■ PROVIDED ENTRIES
BEGIN
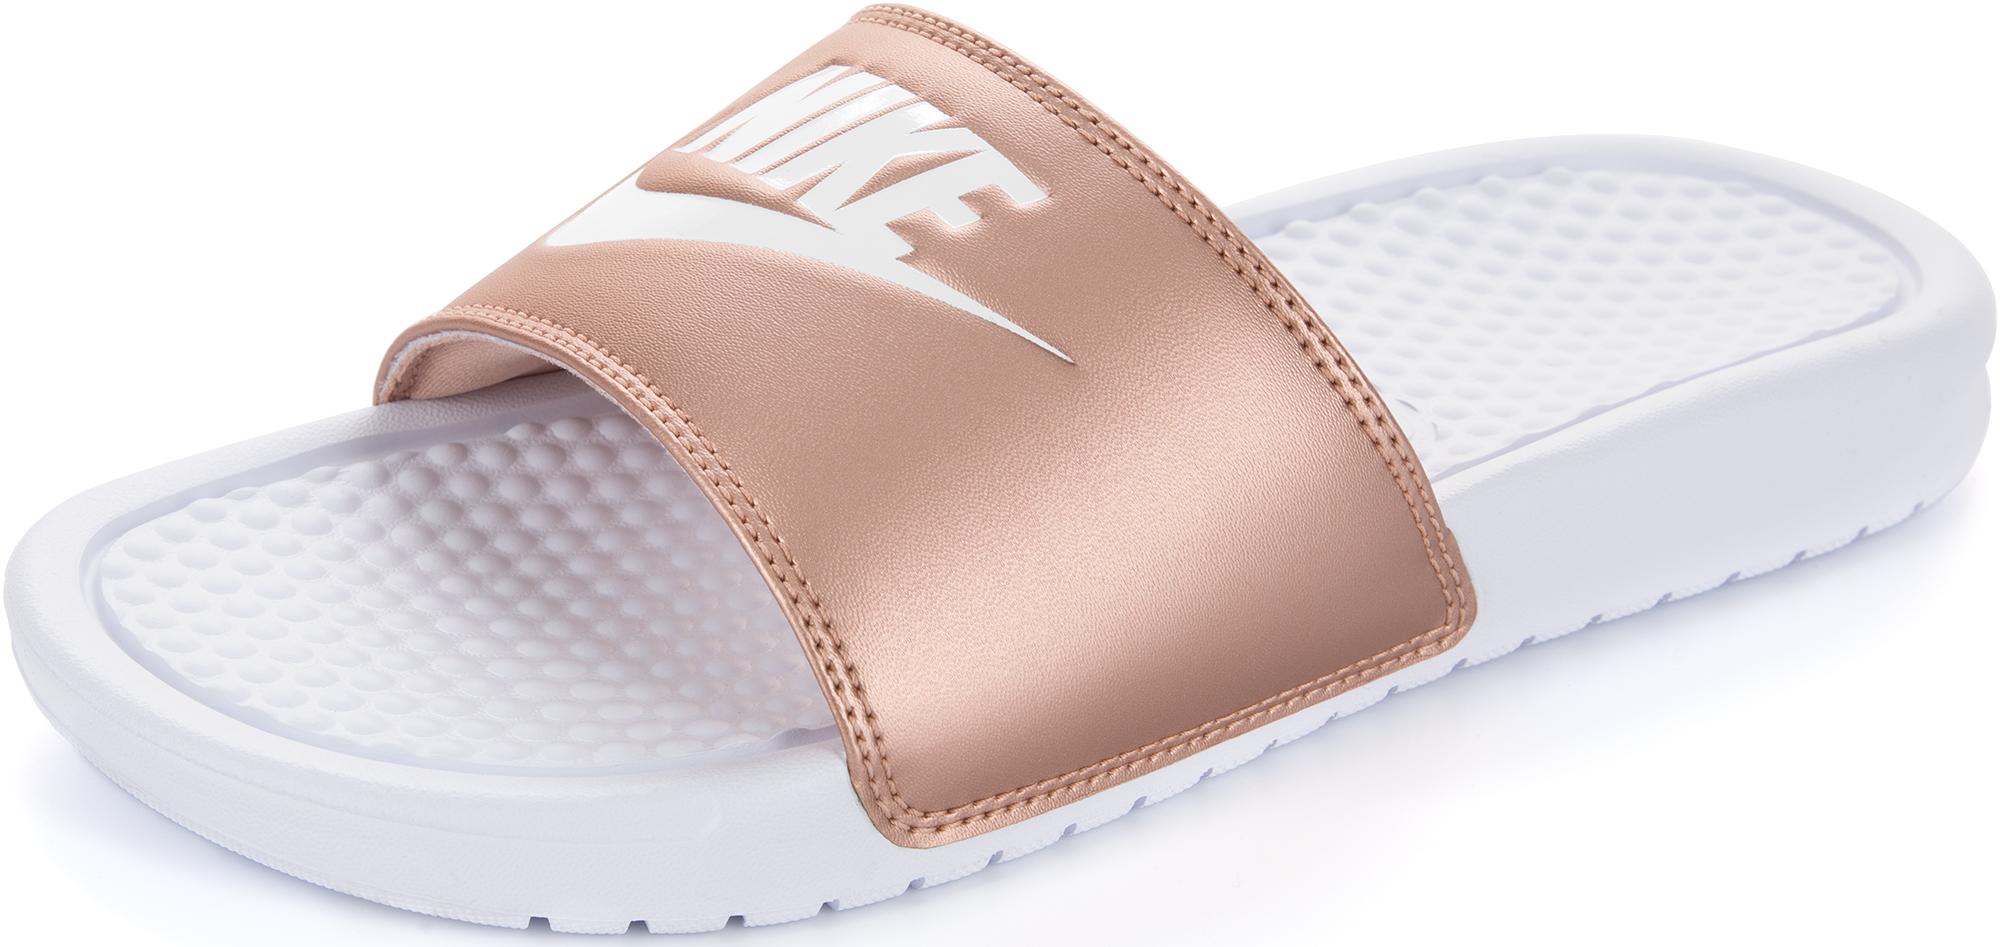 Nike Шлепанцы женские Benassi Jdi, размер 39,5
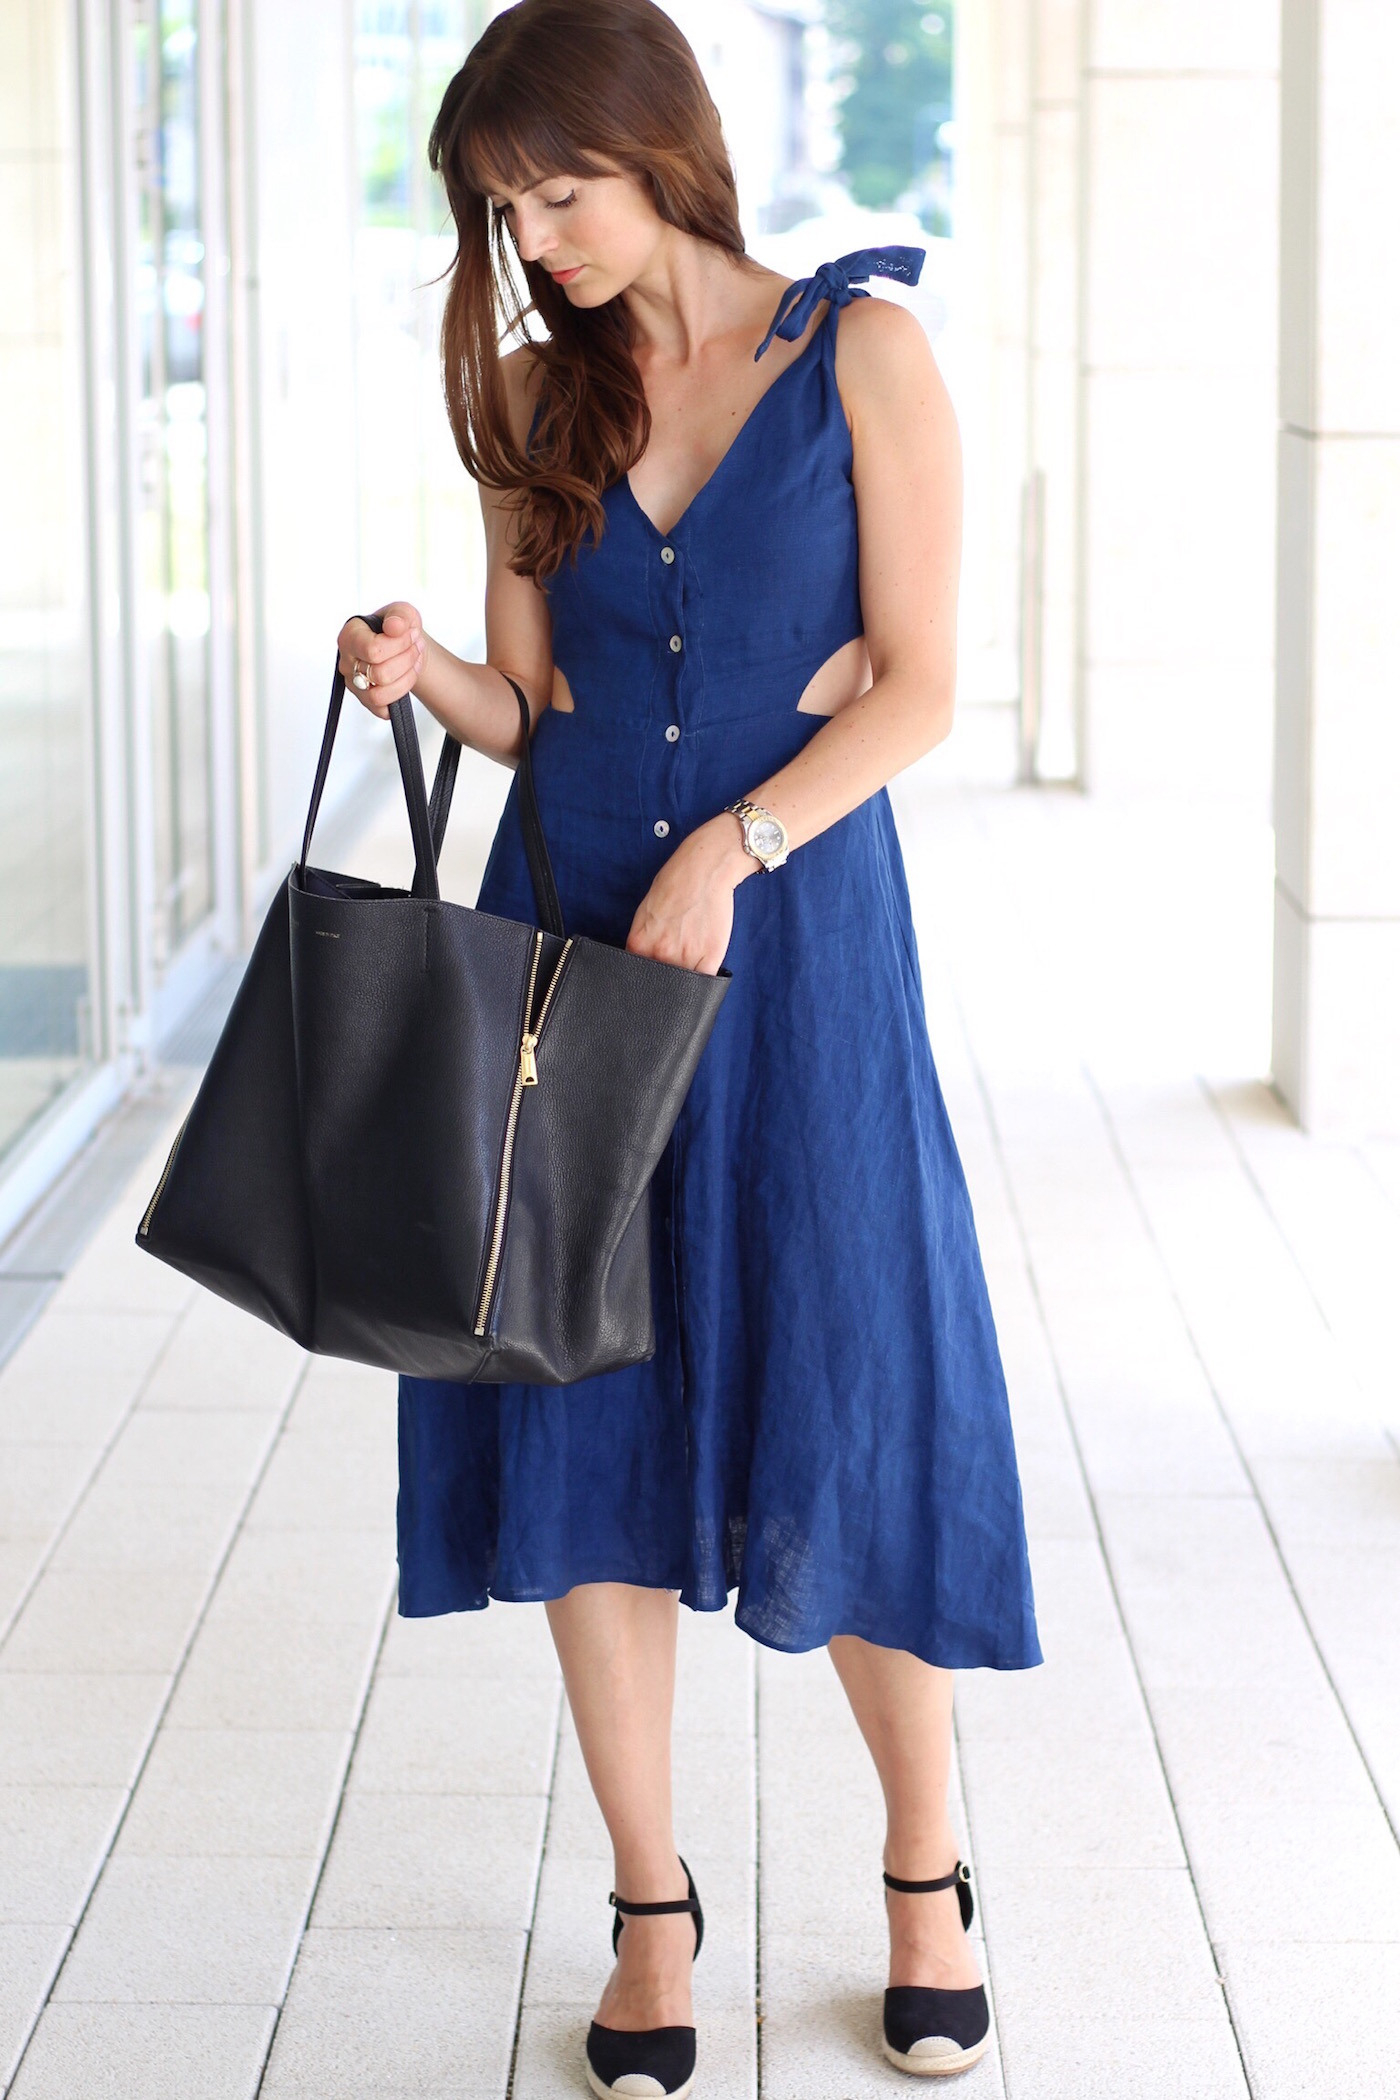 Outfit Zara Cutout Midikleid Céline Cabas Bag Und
END
BEGIN
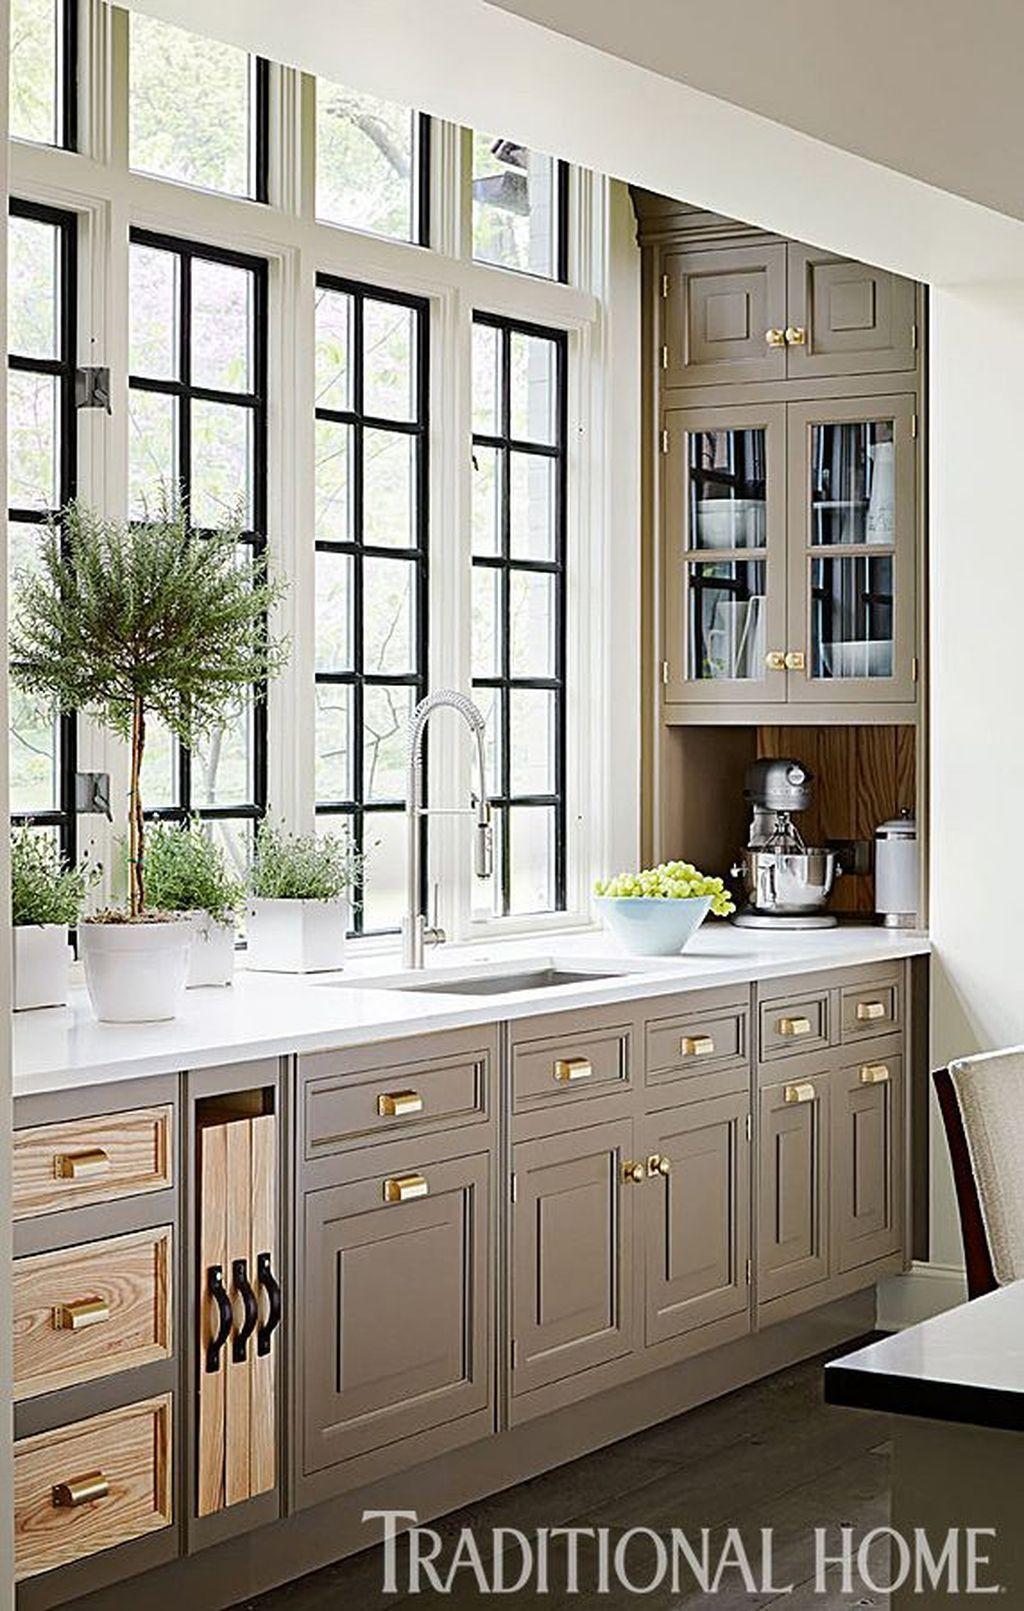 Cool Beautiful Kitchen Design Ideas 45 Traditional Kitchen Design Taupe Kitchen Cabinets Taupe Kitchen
END
■ WHAT IS BEING ASKED
Everything between and including the line above containing "Nike Шлепанцы женские" and the line containing "Outfit Zara Cutout" should be reproduced exactly, with pictures excluded.

■ RESPONSE TO THIS EXERCISE
 Nike Шлепанцы женские Benassi Jdi, размер 39,5
 Outfit Zara Cutout Midikleid Céline Cabas Bag Und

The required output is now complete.